Apart from the fact that professional MAM systems can’t understand the clips unless they’re individual files, there’s a huge inefficiency in only being able to archive and restore whole cards, if you only want to move some of the clips inside them.
Say you shot your media on 64GB cards, and you want to move a couple of 5GB shots on two separate cards. Do you want to move both cards – 128GB – to get those clips moved, or do you just want to pull out the 2 shots separately, for a total 10GB shots? If you’re using the original camera cards, you have no choice: you have to move the whole cards.
Now expand that to an in-house postproduction facility with an archive of Petabytes of data. Then look at the fact that we’re now shooting UHD and larger – bigger files on bigger cards. We have 128GB, 256GB, 512GB cards coming in – a single shoot can come back with 20TB of data.
You can’t be pushing whole 512GB cards around to pull back a single 10GB clip. You have to break the card up into its constituent clips. The only way to do that is to process those files – transwrap/rewrap them – into single files for each clip.
BUT this process requires people, and machines. In the long term, it will be automated; but, as I’ve said, many off-the-shelf MAM/DAM systems can’t understand and mount these cards. So we have to do it manually, with desktop media apps. Lots of people are dedicated to this every day – just this. That’s an enormous wastage of money, time and resource that would be better applied to something more productive. All because of thoughtless design.

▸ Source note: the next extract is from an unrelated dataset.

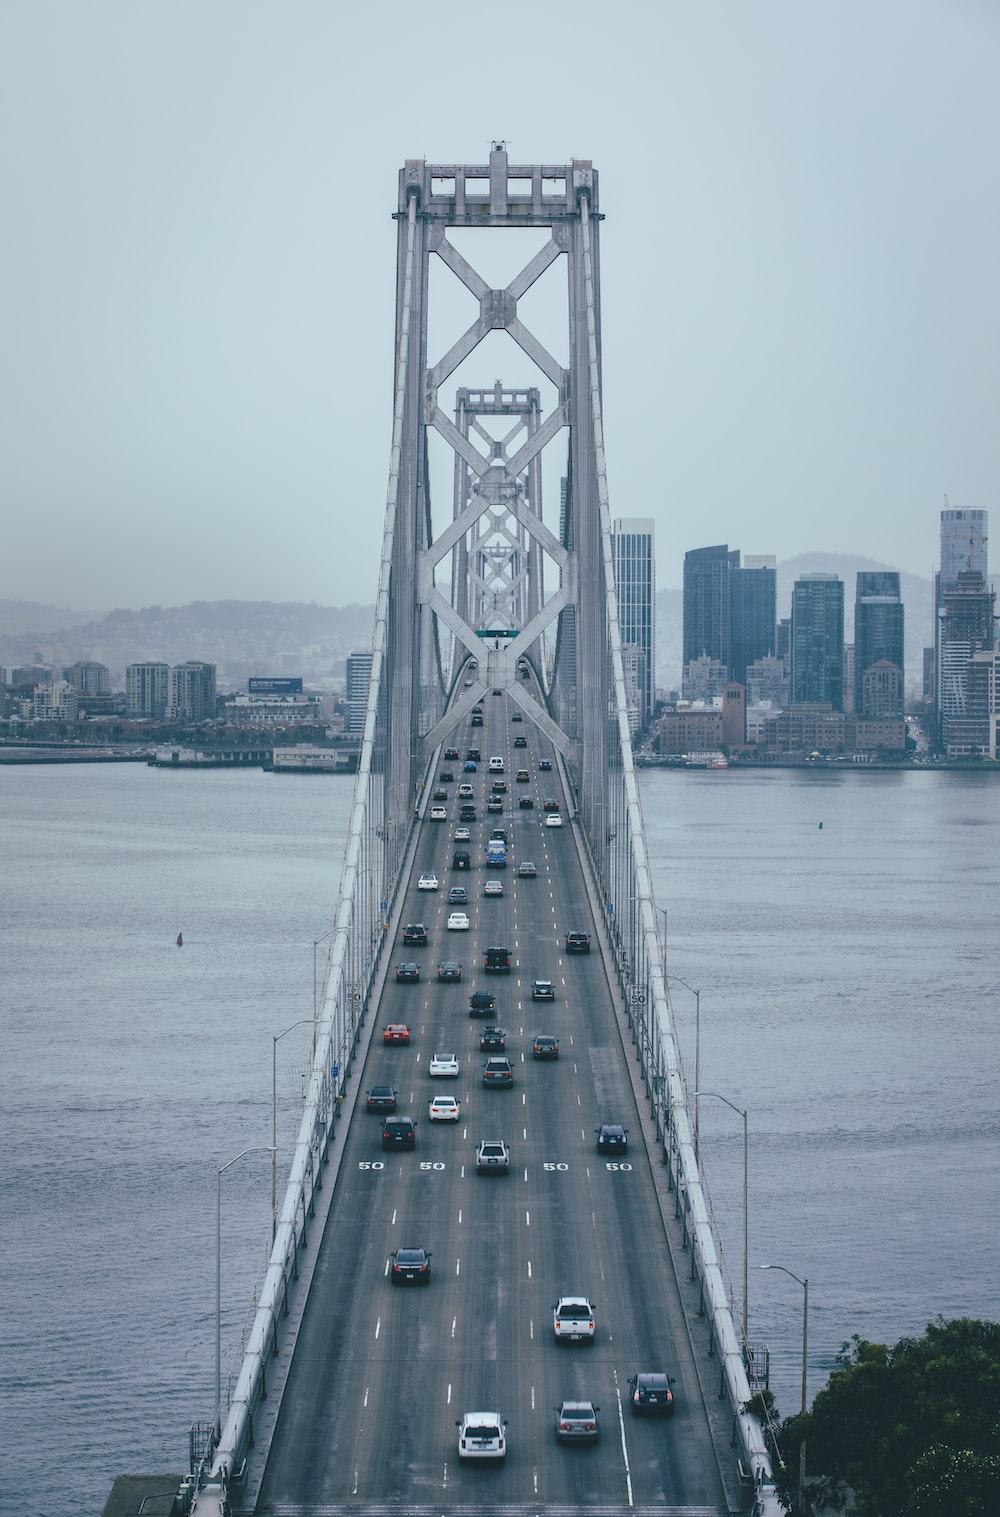 vehicles on bridge at daytime

It’s wider than that, though. Say I come back from the shoot and I just want to keep the good stuff, and bin off the bad stuff? I can’t – I’m stuck with the card, unless I want to start tinkering with it and risking breaking it. Say I’ve shot a bunch of footage and want to share just a couple of the original clips at their original quality with someone else? I have to share whole cards: 16/32/64/128/256/512GB cards. Oh, it’s just a 5GB clip, and you want to use the cloud? Too bad – you’ve got to upload the whole card, or process out just that clip, taking the time and duplicating that data just to send it. Why can’t we just have a single file for a single clip, separable from the original card structure? It’s 2016.
I hope somebody at each of the camera companies eventually reads this, and realises that this sucks, and does something about it. I think that to them, it’s an invisible problem; that’s really why I should have written this years ago. As well as the fact that it probably could have helped some of you who have had to go through and learn what I’ve had to, over the past few years, and who have Googled about Canon XF or Panasonic or Sony Folder Structures and found nothing.
Since I started writing this post 24 hours ago, I’ve watched Whiplash (amazing) while drinking beer and gin, slept for 8 hours, made breakfast and drunk a lot of coffee while discussing Kate‘s album structure, song choices, lyrics, CD design and career direction, helped Amy with her maths homework, done a bit of this post, gone to Clevedon and walked by the sea, watched Miss Peregrine’s Home for Peculiar Children at the Curzon (vg, just the right amount of scary), come home, had crumpets with marmite and tea (it was 4.45 on a Sunday in October), re-dressed Amy’s painful swollen grazed knee, received hundreds of notifications from a live news client that a piece of storage has shut down (dealt with by other SP people) and sat staring at this screen for another 4 hours. It hasn’t been a bad day.
It’s Sunday night at 10.20pm, so I’m going to stop and pick it up again next week, with more unspeakable geekery. Probably a follow up to this, about Panasonic P2.
But for now, I’m going to go and have another little gin with Kate before bed, where I hope to dream of a world where camera card design is less stupid.